__DATASET EXTRACT__:
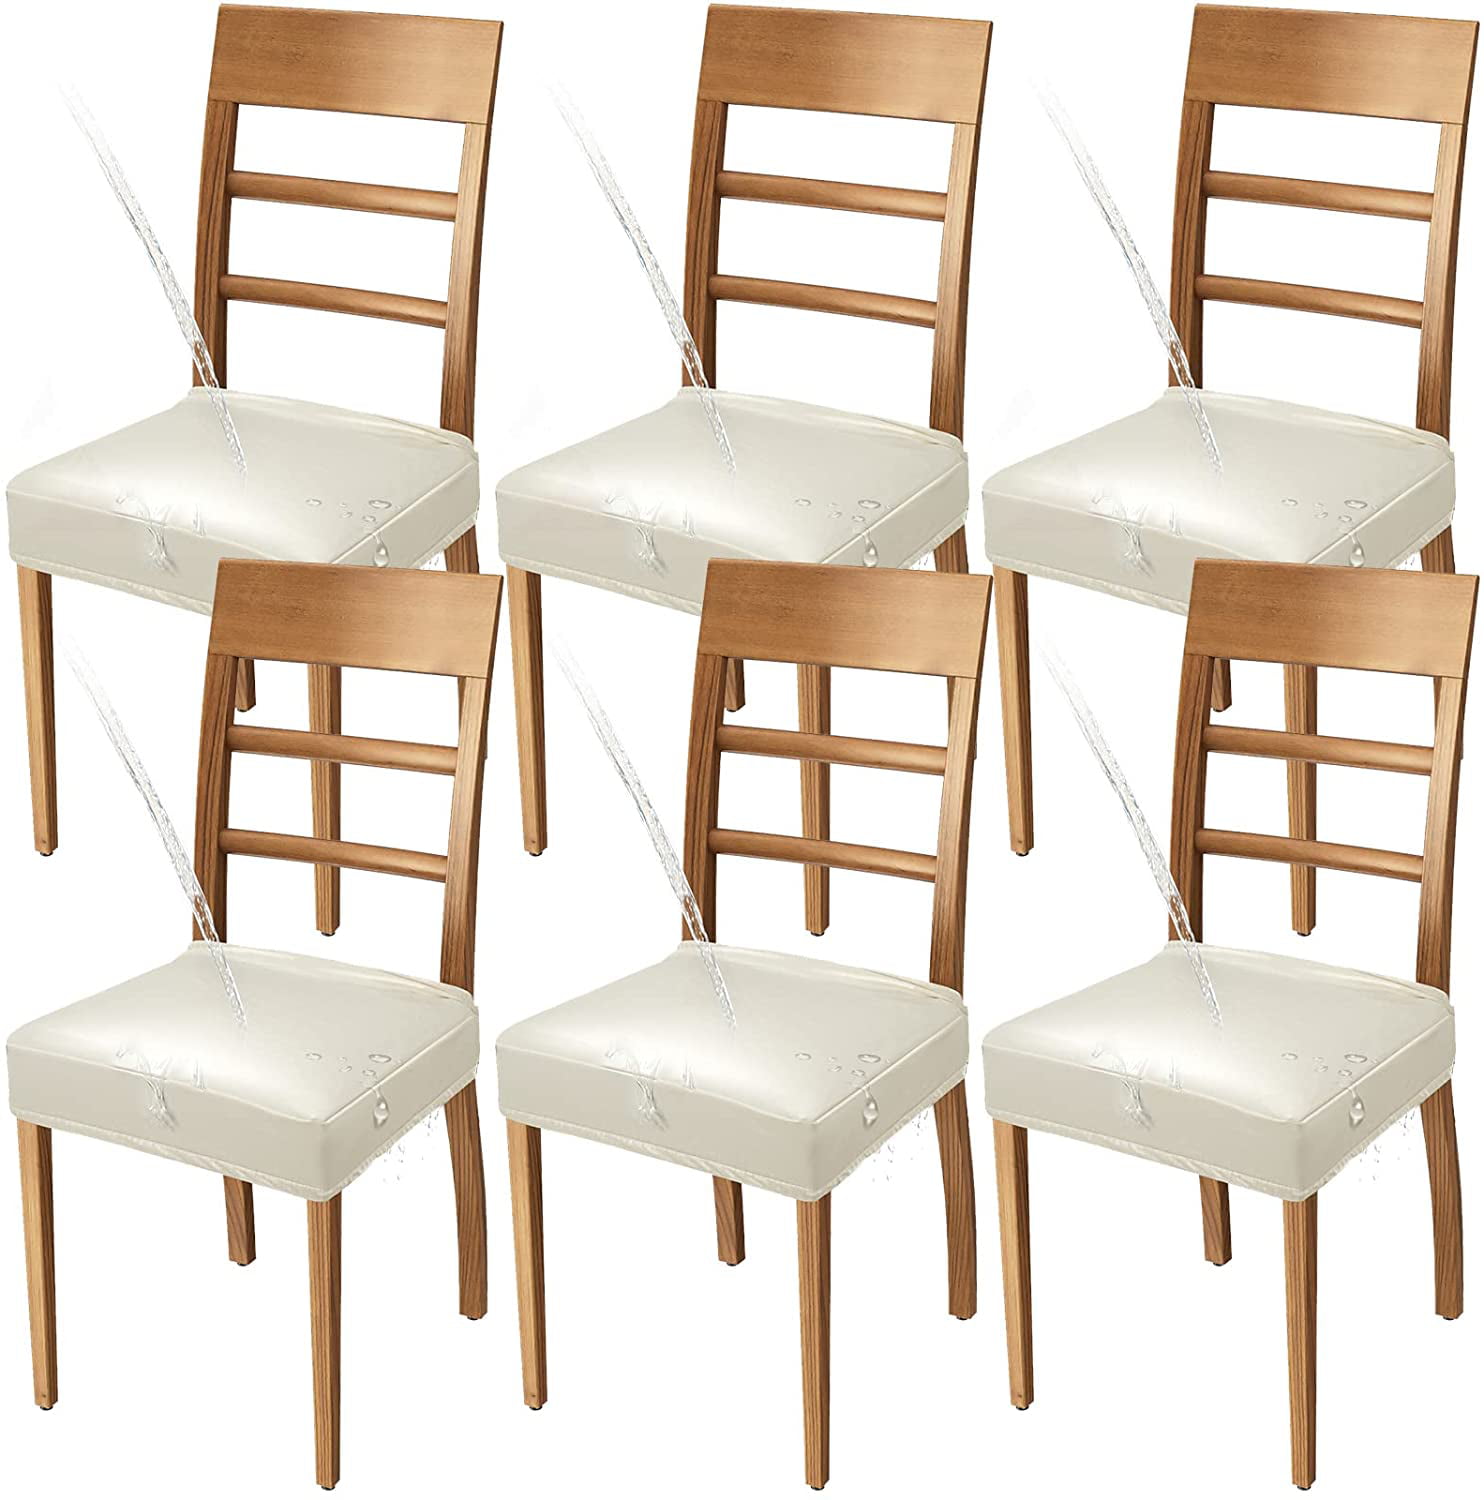 Details about   1PC Waterproof Elastic Chair Cover Case Stretch Dining Room Slipcover Protector 
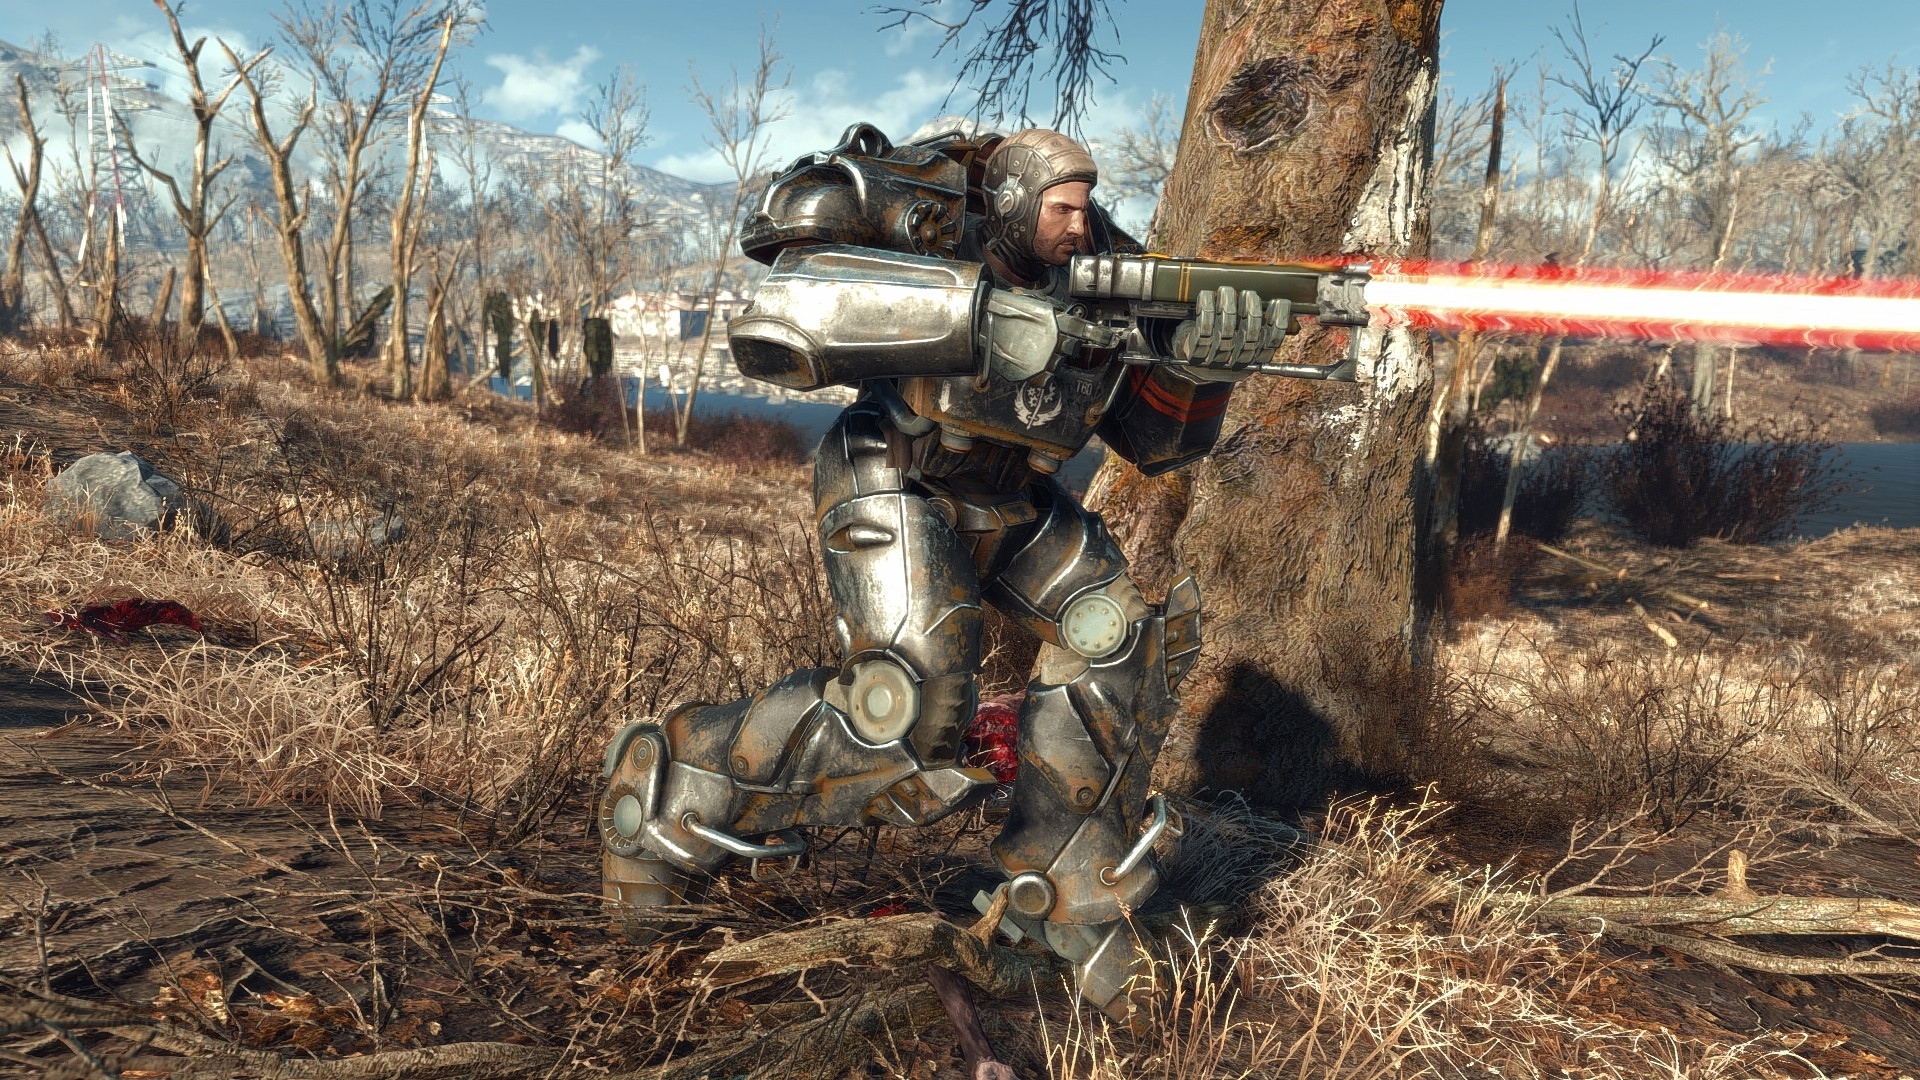 Gallery Of Fallout 4 - Fallout 4 Combat Zone Strip Armour 47 Combat ...
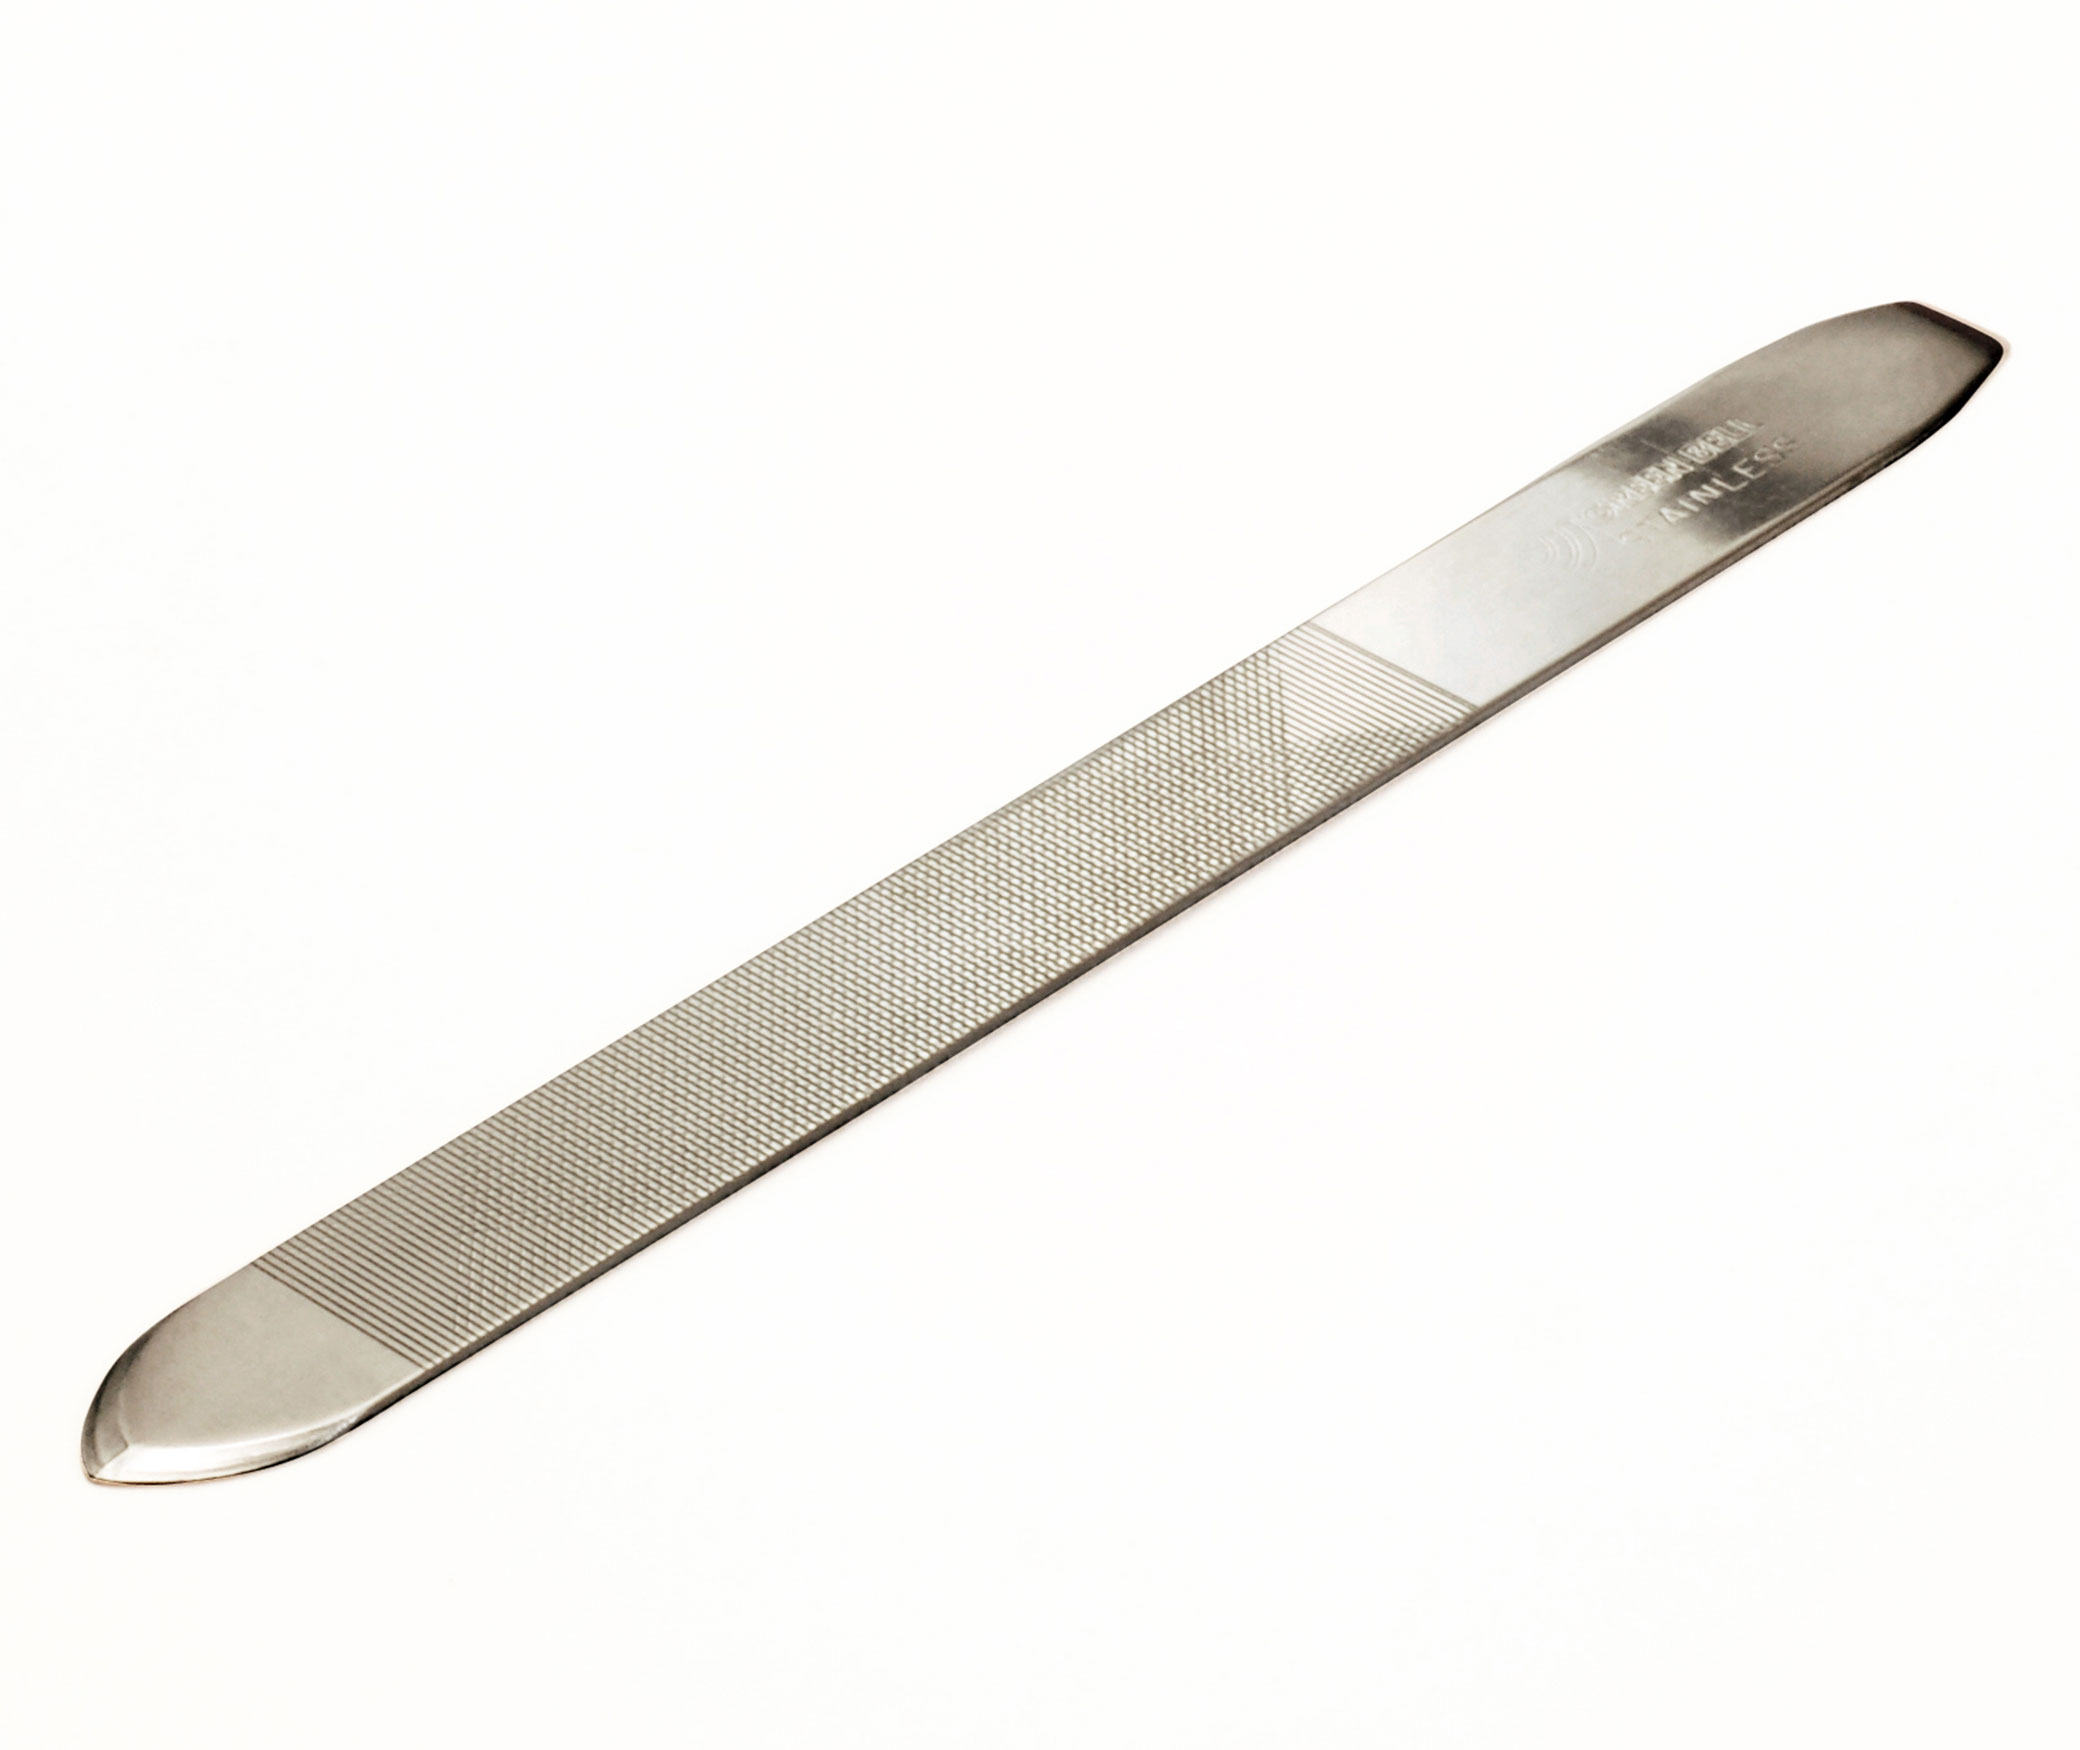 Seki Edge Nail File with Pusher (SS-402) nail cleaner

__INSTRUCTIONS FOR THE TASK__: Aside from the pictures, repeat the listing exactly.

__SOLVED EXERCISE__:
 Details about   1PC Waterproof Elastic Chair Cover Case Stretch Dining Room Slipcover Protector 
 Gallery Of Fallout 4 - Fallout 4 Combat Zone Strip Armour 47 Combat ...
 Seki Edge Nail File with Pusher (SS-402) nail cleaner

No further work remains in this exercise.